Hope to meet you in Seattle, Boston, Washington DC, San Francisco, Madison, Orlando, or Key West this year! Take care of each other, tokers!
*…you know, before Internet, back when we had hard drives the size of Chryslers and used to dial into 2400 baud – yes, baud – bulletin boards with two tin cans, some string, and an Etch-a-Sketch…
Stashers,
I remember the huge boxes of computer punch cards and my first modem at the engineering company I worked at with the telephone receiver cradle. Ah, those were the days.
Things are so much better now. Russ has created the Stash to be a gathering place for those of us who need a strong voice in the internet wilderness that is marijuana information. Thank goodness for this communication medium and the Stash. Finally, free thinking and free speech with little fear of reprisal. The Stash is unique in its form and purpose. We have Russ to thank for much of that.

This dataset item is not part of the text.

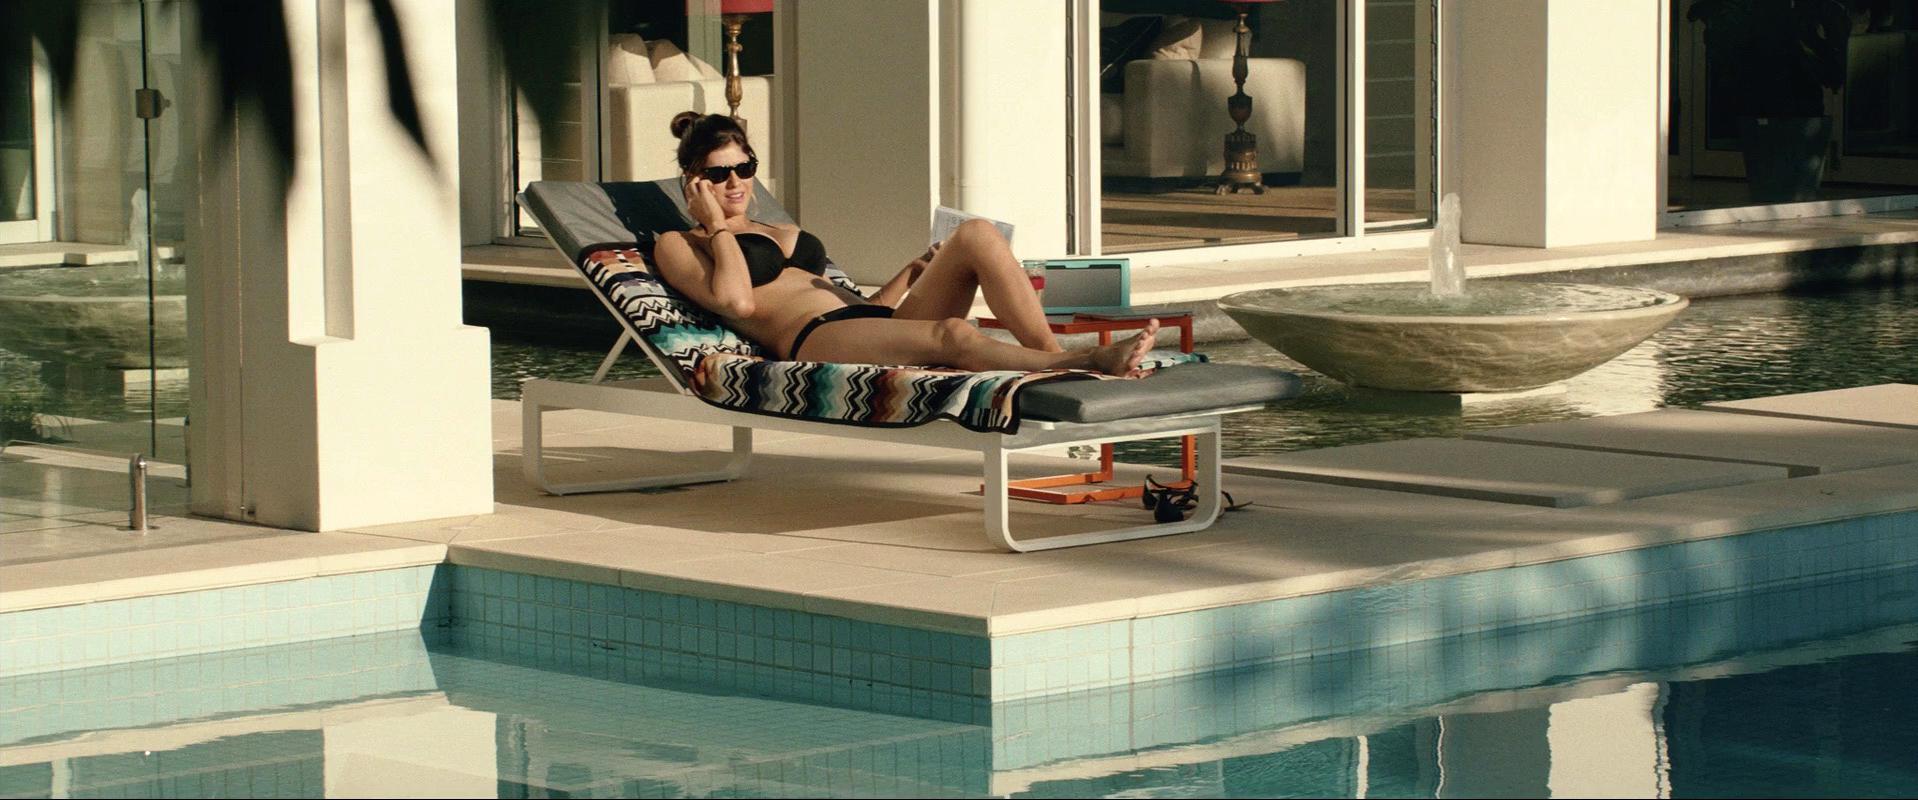 Nude Video Celebs Actress Alexandra Daddario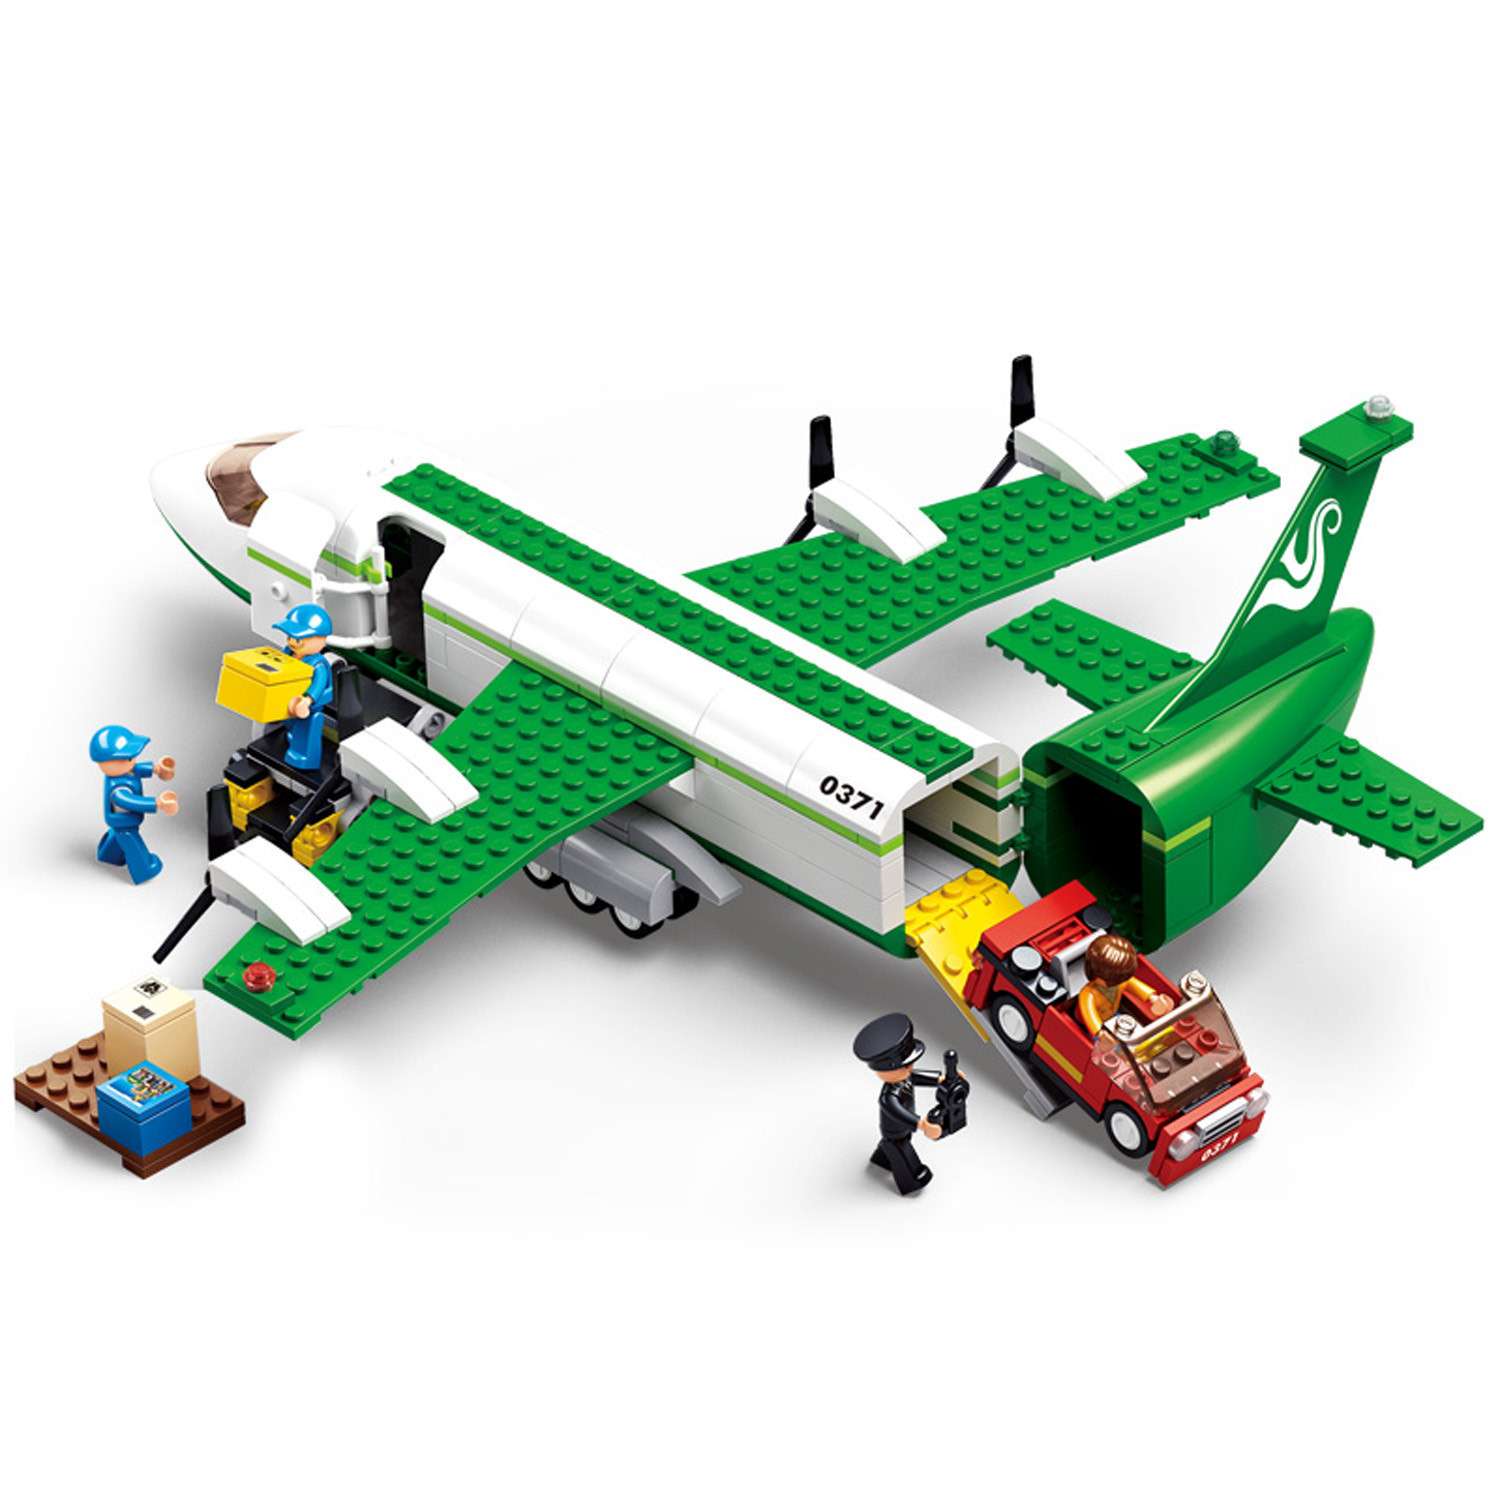 Коллекционерам на заметку: 20 редких и дорогих наборов LEGO, производившихся серийно

As an old guy coming out of the pot closet more every year, I am privileged to have made the acquaintance of all my new Stash friends and the leader of this activist pack, Russ.
As I am stifled in my activism in my home area (including being stifled by my spouse, Shhhh
), I am so very glad that the Stash exists. It is, for me, a daily affirmation of sanity in the insane world of prohibition. I am proud to contribute.
Keep up the good work Russ. You have shown us (especially those of us who live in a repressive state
) that there is a way to have a voice while they are still shooting it out down the street
in another drive-by or another mistaken SWAT raid.
You da man, Russ
ASCII decode sheets! Why, that’s luxury! Back in my day, we used to have to get up three hours before we awoke, rising from the hole in the ground where myself and me nine brothers and sisters slept, work nineteen hours turning gears on Babbage’s Difference Engine, and if we were lucky, our dear old Dad would only whip us for seven hours with a strap just three inches wide while we sobbed in our maggot-filled gruel, and that was on the nights we were given gruel, and never a bowl, mind you, but eaten out of our own hands! You kids these days…
(with apologies to Monty Python…)
Baud?!? I remember having to get on the “internet” with an ascii decode sheet and punch in my own 1′s and 0′s. You youngins and your fancy interwebs.